Author: Caçador de Flores
Meu instinto inicial foi ligar para Ariana e exigir satisfações, mas logo percebi a inutilidade daquele gesto. Os fatos já estavam claros demais e, mesmo que ela recusasse o divórcio, eu estava partindo para uma missão de alto risco da qual talvez não retornasse vivo.

Resignado, deixei o celular de lado, pois não queria levar mais essa amargura comigo nos meus momentos finais antes da partida.

Eu estava prestes a desligar o computador e pegar minha bagagem quando, inesperadamente, chegou outra mensagem de Heitor. Dessa vez, era um arquivo de vídeo. A imagem de capa mostrava ele e Ariana juntos em um palco, com uma felicidade tão radiante que parecia transbordar da tela.

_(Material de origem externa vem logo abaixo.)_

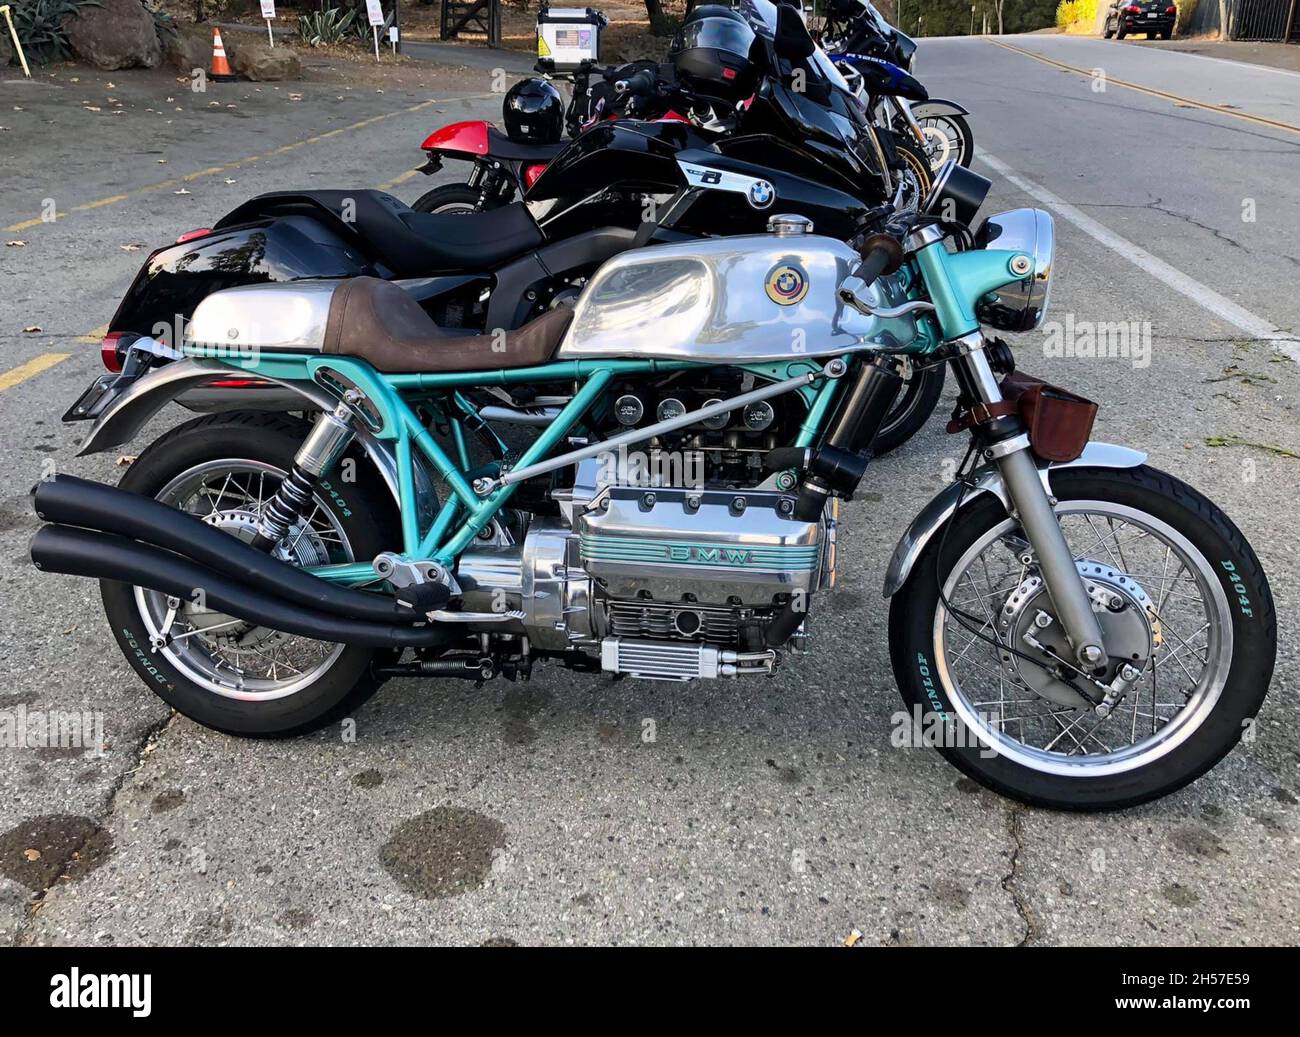 Antique BMW motorcycle, customized in chrome and green. Parked next to other motorcycles. Los Angeles, United States. Stock Photo
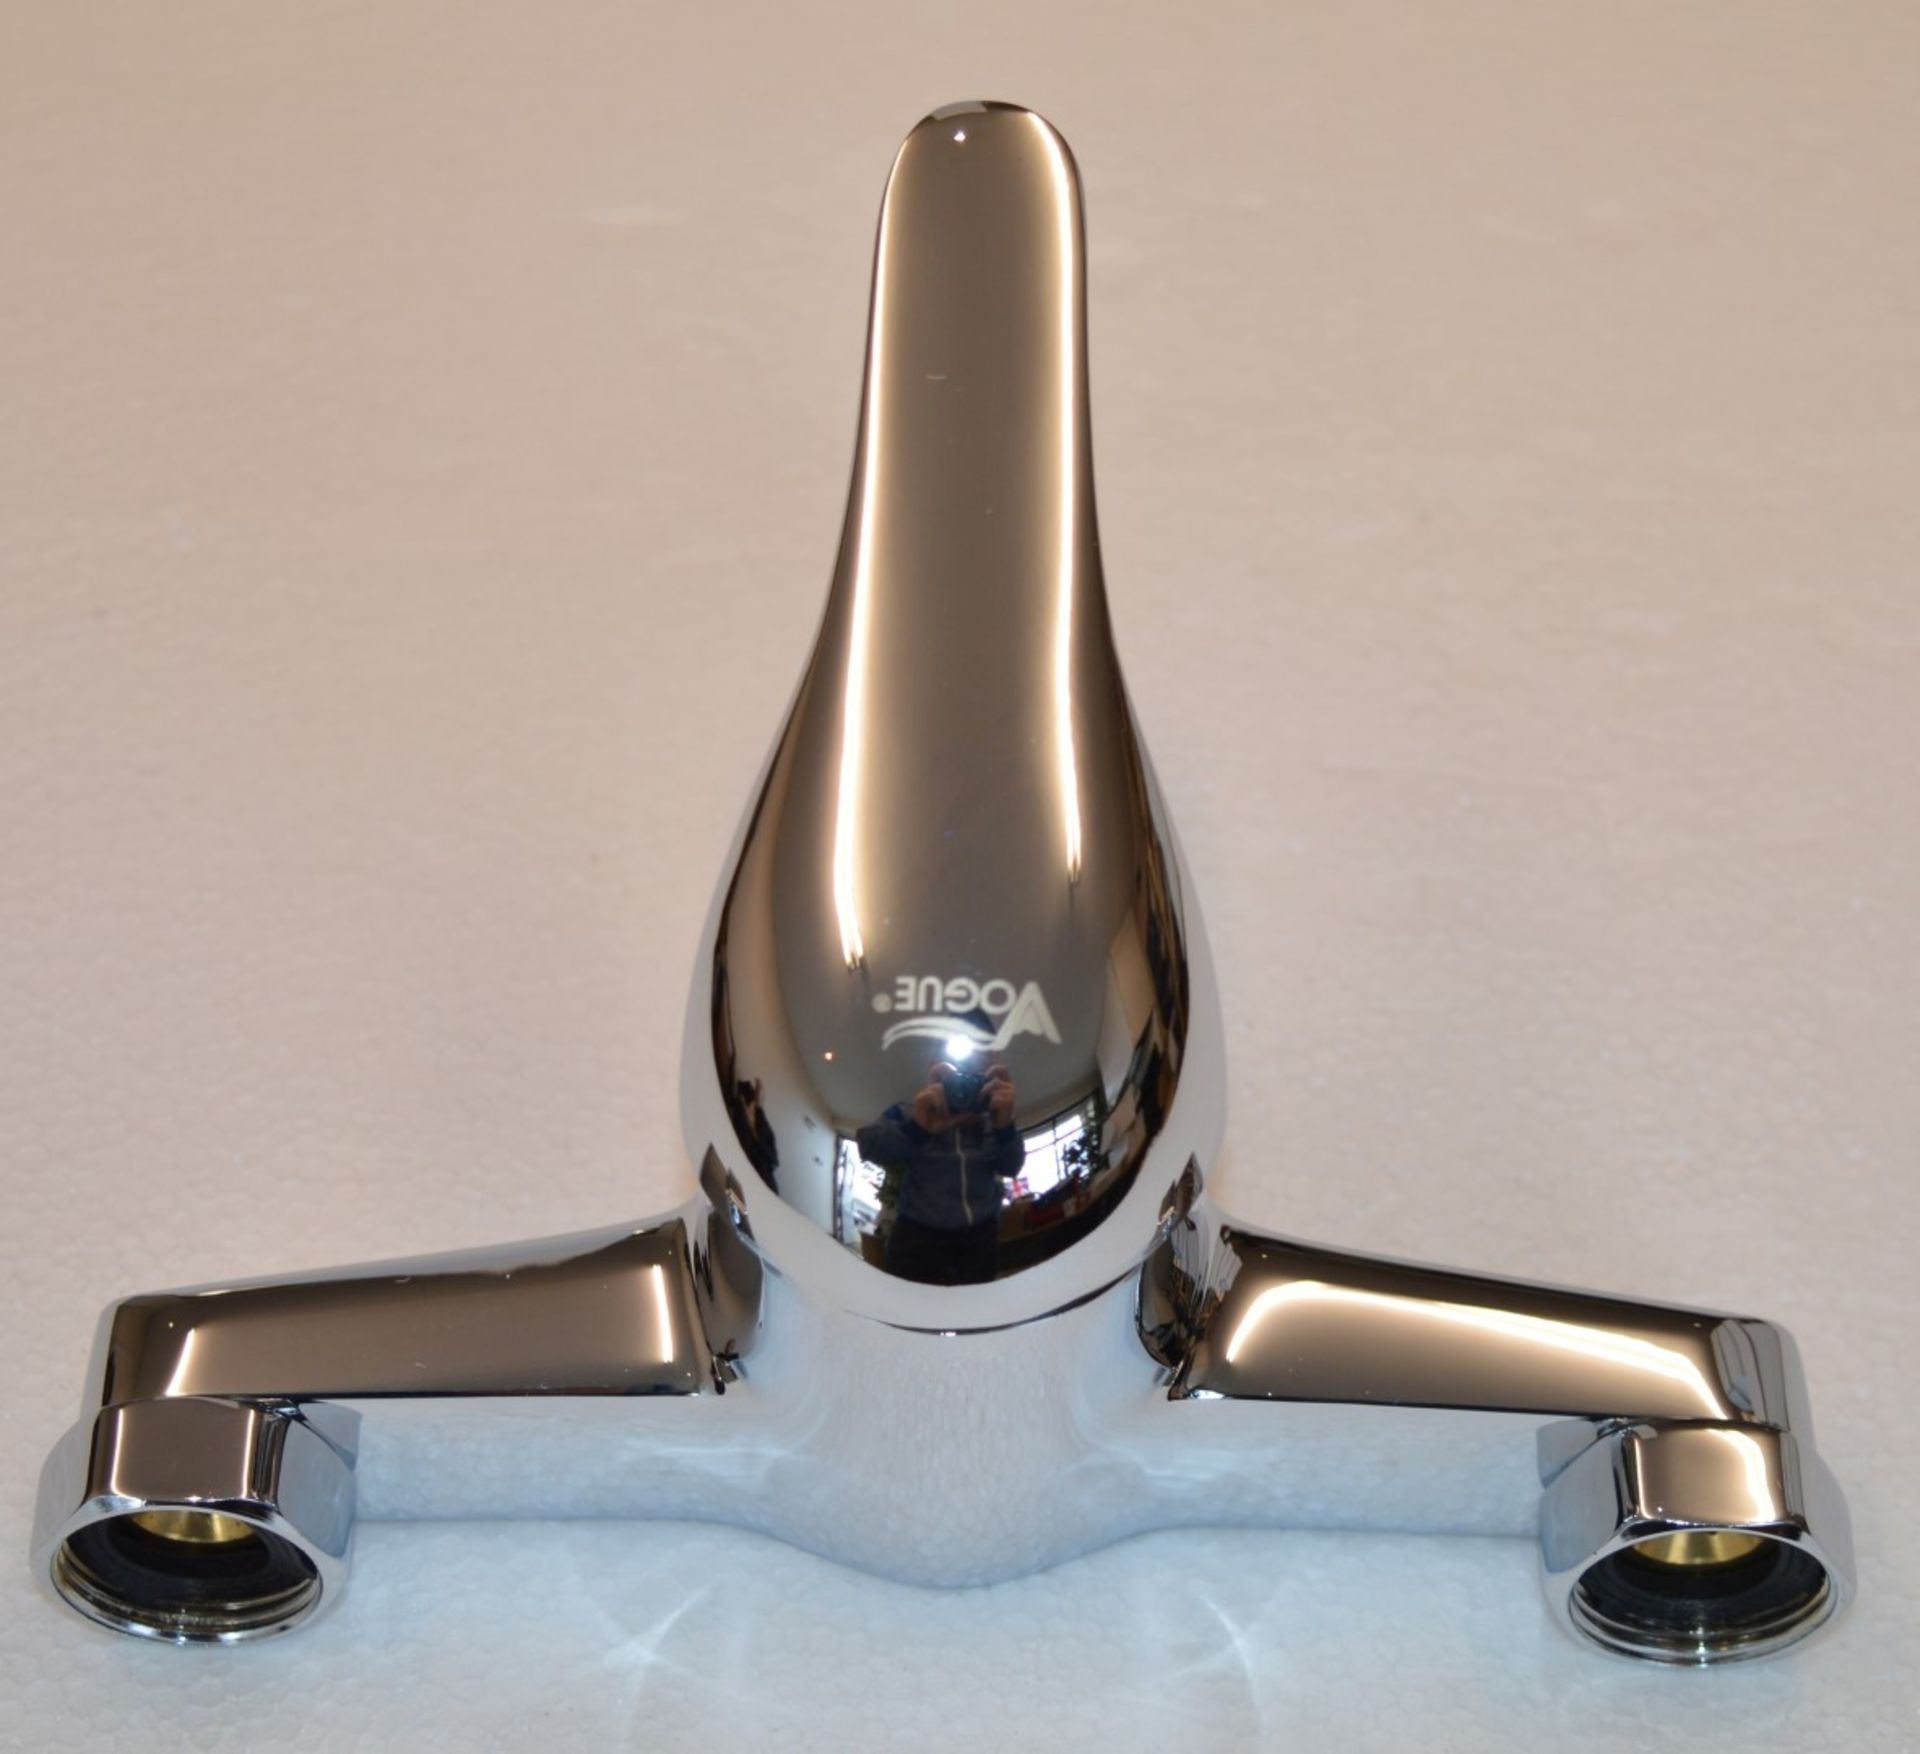 1 x Vogue Carmina Deck Mounted Bath Shower Mixer Tap - Includes Bath Mixer Tap, Shower Head and - Image 8 of 10

Aquilo havia sido filmado agora?

Com um tremor interno e o coração disparado, dei play. A cena mostrava um professor convidando os pais de Daniel para subirem ao palco e compartilharem sua história de amor. Ariana subiu os degraus segurando a mão de Heitor. Aquela deusa que sempre pregou o desapego e a frieza, agora exibia um rosto corado, com uma expressão de timidez que eu jamais vira.

Ela tomou a iniciativa de falar ao microfone.

— O Heitor é meu namoradinho de infância. — Começou ela, com a voz doce. — Estudamos na mesma sala desde o ensino fundamental, e só na faculdade ele finalmente se declarou para mim... Depois da formatura, nos casamos felizes. A maior sorte da minha vida foi encontrar um homem tão perfeito e que me ama tanto.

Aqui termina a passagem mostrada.